Data:
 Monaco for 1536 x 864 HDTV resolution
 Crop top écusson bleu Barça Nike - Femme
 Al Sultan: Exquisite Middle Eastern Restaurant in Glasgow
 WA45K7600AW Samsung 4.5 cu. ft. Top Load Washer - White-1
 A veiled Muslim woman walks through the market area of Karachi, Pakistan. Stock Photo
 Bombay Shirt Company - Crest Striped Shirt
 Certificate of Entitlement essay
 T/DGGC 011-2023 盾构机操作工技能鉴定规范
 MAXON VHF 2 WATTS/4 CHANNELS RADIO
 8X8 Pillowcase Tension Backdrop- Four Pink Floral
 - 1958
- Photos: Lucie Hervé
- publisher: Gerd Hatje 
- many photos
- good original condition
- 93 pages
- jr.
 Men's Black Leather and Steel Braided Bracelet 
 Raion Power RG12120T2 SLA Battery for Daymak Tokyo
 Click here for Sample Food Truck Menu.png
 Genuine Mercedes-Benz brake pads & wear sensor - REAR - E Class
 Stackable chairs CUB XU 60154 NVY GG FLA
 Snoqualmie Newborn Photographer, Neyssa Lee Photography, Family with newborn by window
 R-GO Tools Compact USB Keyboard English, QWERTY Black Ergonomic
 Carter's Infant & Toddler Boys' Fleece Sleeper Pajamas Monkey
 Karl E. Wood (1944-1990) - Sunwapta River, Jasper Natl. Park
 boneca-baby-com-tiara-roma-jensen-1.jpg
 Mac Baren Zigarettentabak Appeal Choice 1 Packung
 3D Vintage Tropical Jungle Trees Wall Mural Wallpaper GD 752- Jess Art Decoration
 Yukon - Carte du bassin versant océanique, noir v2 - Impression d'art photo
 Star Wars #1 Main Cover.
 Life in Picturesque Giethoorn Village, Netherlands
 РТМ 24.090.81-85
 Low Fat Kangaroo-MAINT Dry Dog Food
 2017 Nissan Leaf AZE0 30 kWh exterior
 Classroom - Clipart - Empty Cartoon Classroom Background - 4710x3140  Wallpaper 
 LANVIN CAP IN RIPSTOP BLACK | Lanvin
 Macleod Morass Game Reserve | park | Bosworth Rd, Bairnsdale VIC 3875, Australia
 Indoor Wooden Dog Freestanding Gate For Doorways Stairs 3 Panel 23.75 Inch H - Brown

Assignment: Take the stretch of lines above from the one containing "- publisher: Gerd Hatje" through the one containing "Click here for Sample Food Truck Menu.png" and repeat it exactly, adding no other line.

Final answer:
- publisher: Gerd Hatje 
- many photos
- good original condition
- 93 pages
- jr.
 Men's Black Leather and Steel Braided Bracelet 
 Raion Power RG12120T2 SLA Battery for Daymak Tokyo
 Click here for Sample Food Truck Menu.png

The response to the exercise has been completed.